Des membres des unités spéciales de la police fédérale belge ont arrêté trois nouveaux suspects vendredi au cours d'une opération antiterroriste dans les communes de Schaerbeek, Forest et Saint-Gilles, dans l'agglomération de Bruxelles.

Les suspects ont été placés en détention dans la foulée de l'enquête sur les attentats de Bruxelles et de l'arrestation d'un Français, Reda Kriket, jeudi, en France. Selon des sources policières, ce dernier, âgé de 34 ans, s'apprêtait à commettre un attentat terroriste en France.

Au moins un des suspects arrêtés vendredi a été blessé à la jambe lors de l'intervention policière et l'un d'eux transportait un sac jugé suspect, selon le diffuseur belge RTBF. Les policiers ont eu recours à un robot démineur pour l'atteindre.

Dans la capitale belge, les gardiens de sécurité, soldats et policiers se font encore très présents, même si les autorités ont abaissé d'un cran jeudi le niveau d'alerte en vigueur, qui est passé de quatre - le maximum - à trois.

Un complice du 13 novembre était l'un des kamikazes de Bruxelles

Cette nouvelle opération policière intervient trois jours après les attentats perpétrés à l'aéroport international de Bruxelles-Zaventem et dans une station du métro de la capitale belge, et ce, alors que les liens entre les attentats de Paris et ceux de Bruxelles apparaissent de plus en plus étroits. 

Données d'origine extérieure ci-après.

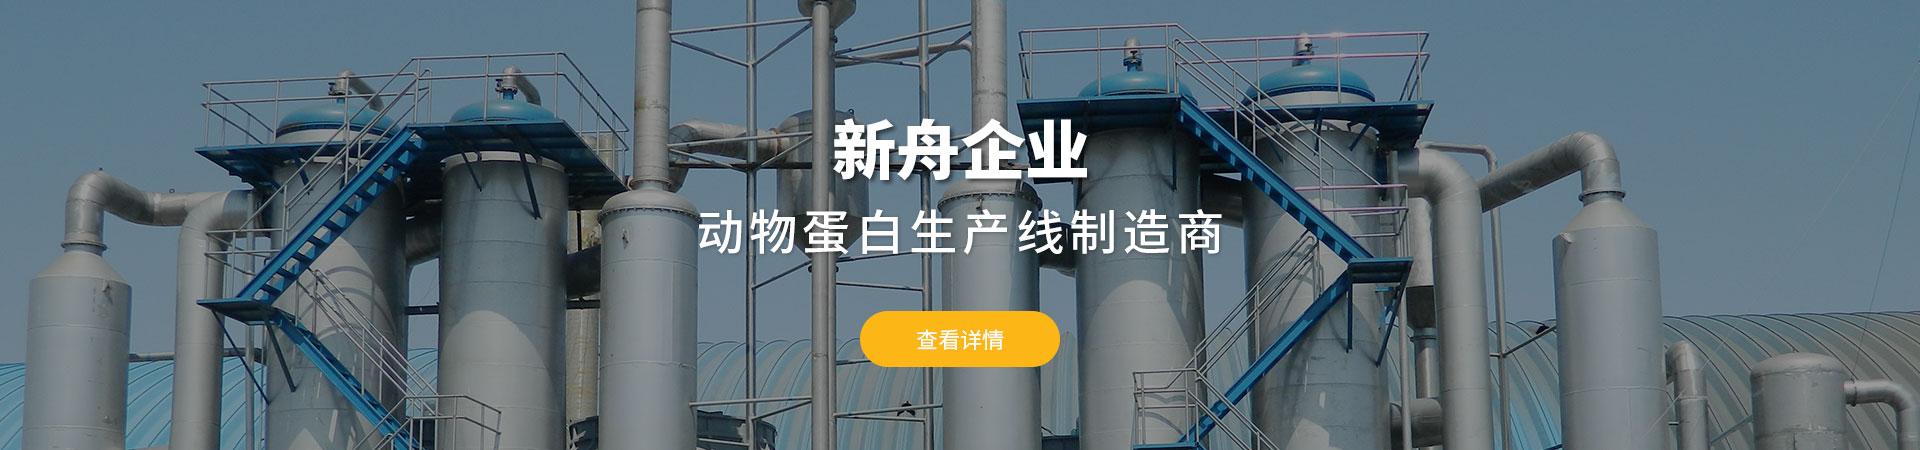 新舟企業動物蛋白生產線制造商

L'homme soupçonné d'avoir été l'artificier du 13 novembre, le Bruxellois d'origine marocaine Najim Laachraoui est, avec Ibrahim El Bakraoui, l'un des deux kamikazes de l'aéroport de Zaventem, a confirmé vendredi le parquet fédéral.

Des traces d'ADN de Laachraoui avaient été retrouvées sur plusieurs pièces d'explosif utilisé dans les attentats de Paris, notamment « sur un gilet explosif et un morceau de tissu utilisés au Bataclan, et sur un engin explosif du Stade de France », a déclaré la justice belge par voie de communiqué.

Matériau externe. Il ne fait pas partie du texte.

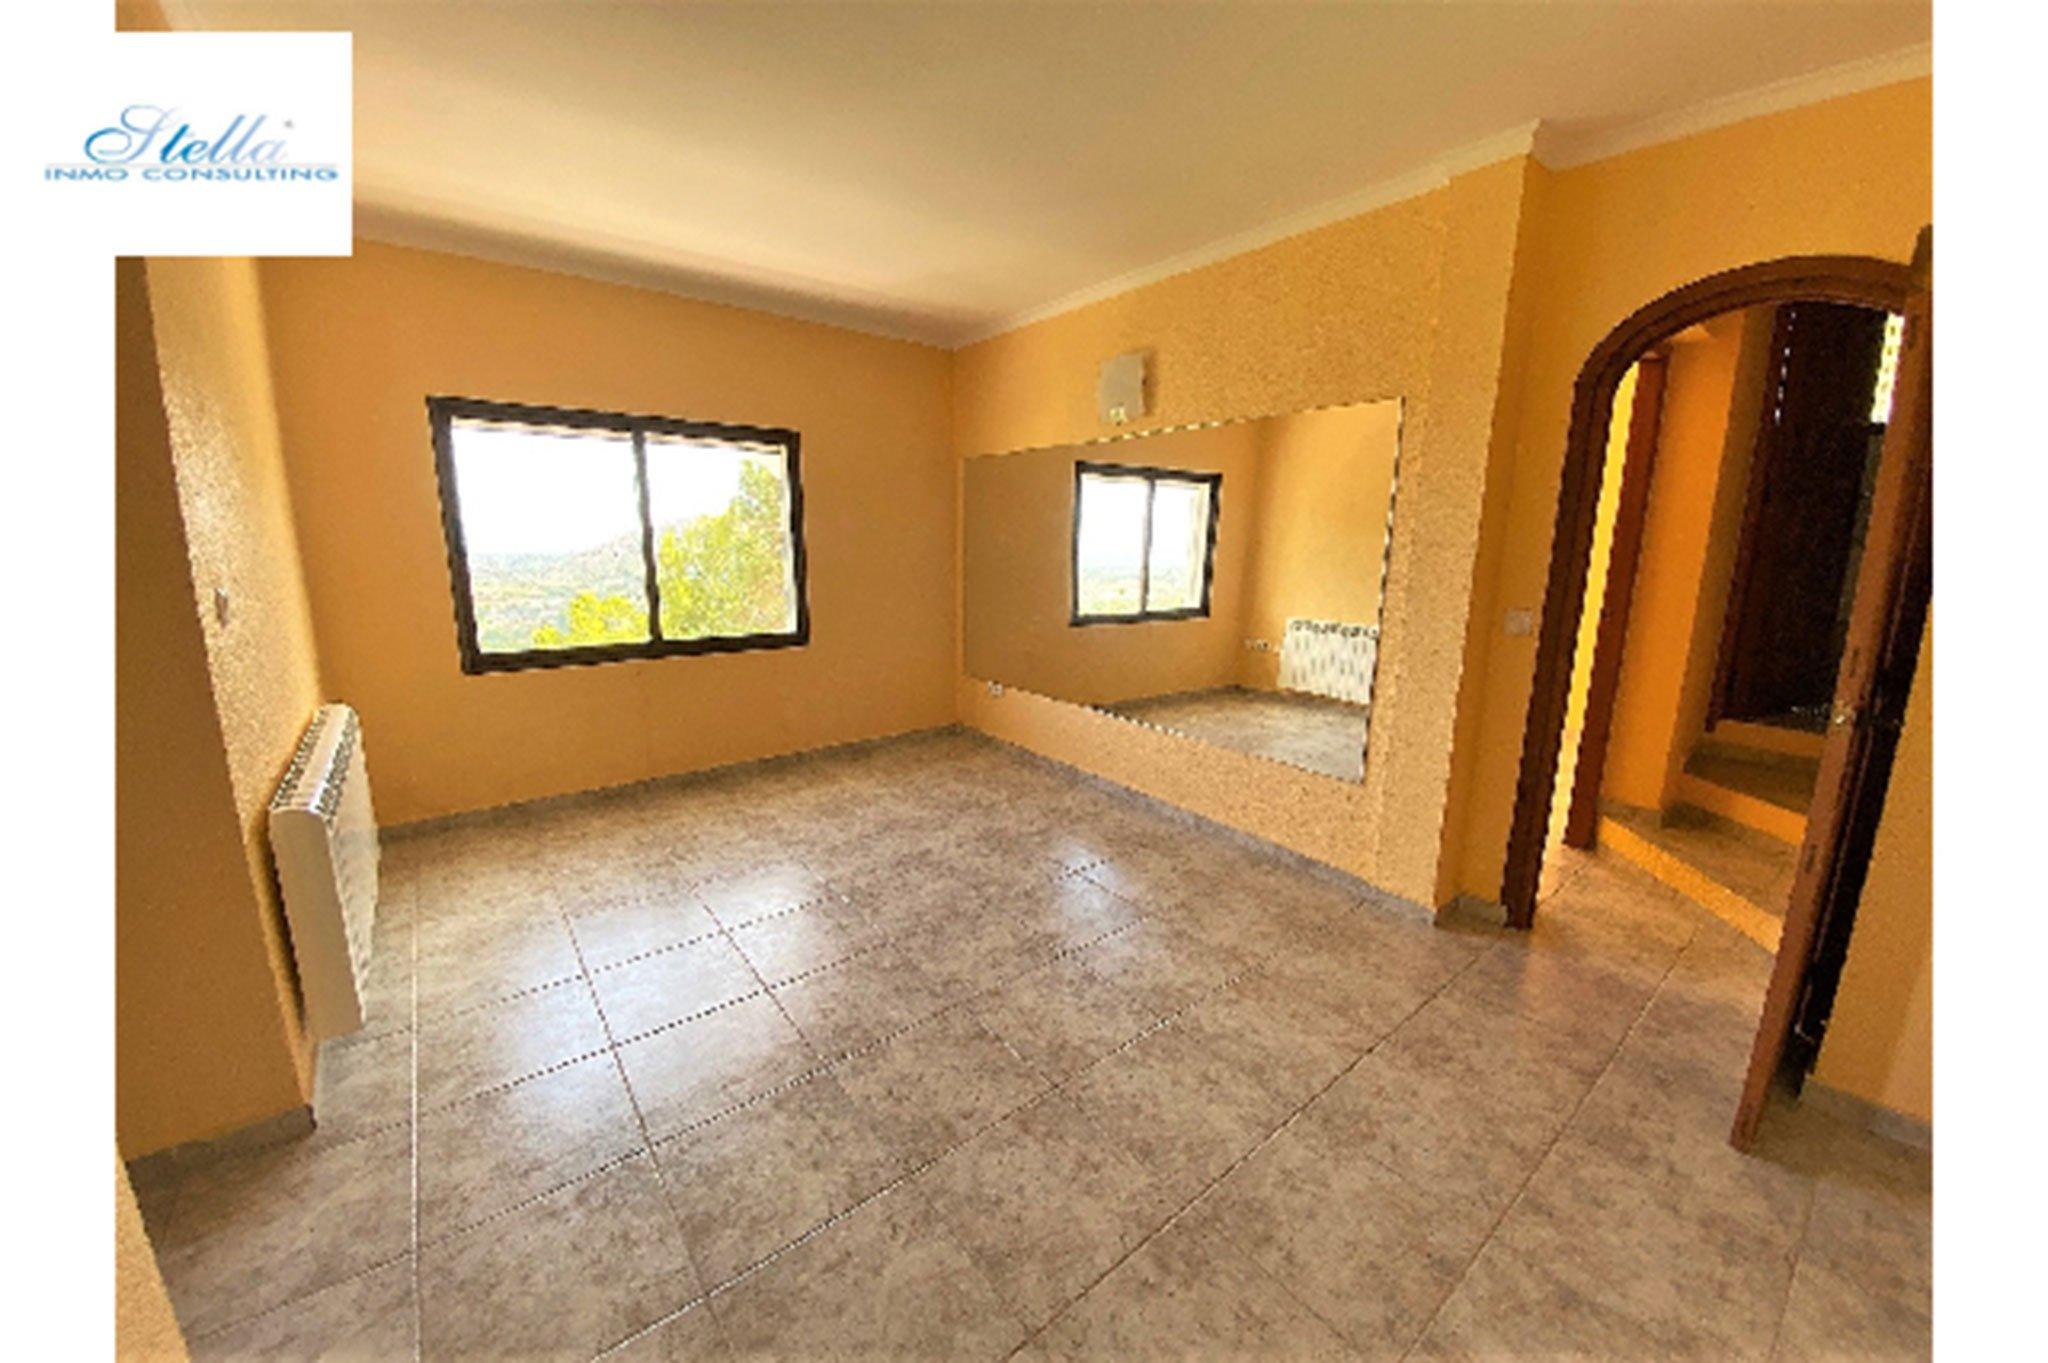 Saló d'una casa a la venda a La Sella, Pedreguer - Stella Inmo Consulting

Les policiers ont également retrouvé des traces d'ADN de Laachraoui dans des résidences de la commune de Schaerbeek où des membres du commando de Paris ont séjourné. Né le 18 mai 1991 au Maroc, il a grandi dans la commune de Schaerbeek. À Bruxelles. Il a rejoint les rangs de l'État islamique en Syrie en février 2013 avant de revenir sévir en Europe.

Plus d'un réseau existe

Le président français François Hollande a admis vendredi que les récentes arrestations en lien avec les attentats ne signifient pas la fin de la menace terroriste. 

La justice belge est toujours à la recherche du troisième homme apparaissant sur une image tirée d'une caméra de surveillance de l'aéroport quelques secondes avant les explosions. L'homme accompagnait les kamikazes Najim Laachraoui et Ibrahim El Bakraoui. 

Ibrahim El Bakraoui figurait d'ailleurs sur une liste américaine liée à l'antiterrorisme, bien avant les attaques du 13 novembre à Paris. Le frère d'Ibrahim, Khalid, qui s'est fait exploser dans le métro à Bruxelles, avait été ajouté à la liste peu de temps après. 

En plus d'être connu des autorités américaines, Ibrahim El Bakraoui a été expulsé de Turquie à deux reprises l'an dernier, selon un responsable gouvernemental turc.

Abdeslam reste silencieux

Par ailleurs, le principal suspect des attentats de Paris, Salah Abdeslam, a arrêté de collaborer avec les policiers depuis les attaques survenues mardi à Bruxelles. Selon les procureurs belges, il a refusé de faire « même le plus petit commentaire » et choisi d'exercer son « droit de garder le silence » durant le second d'une série de deux interrogatoires le 19 mars.

Le suspect a été arrêté dans le quartier bruxellois de Moleenbeek le 18 mars dernier, en même temps que quatre autres personnes.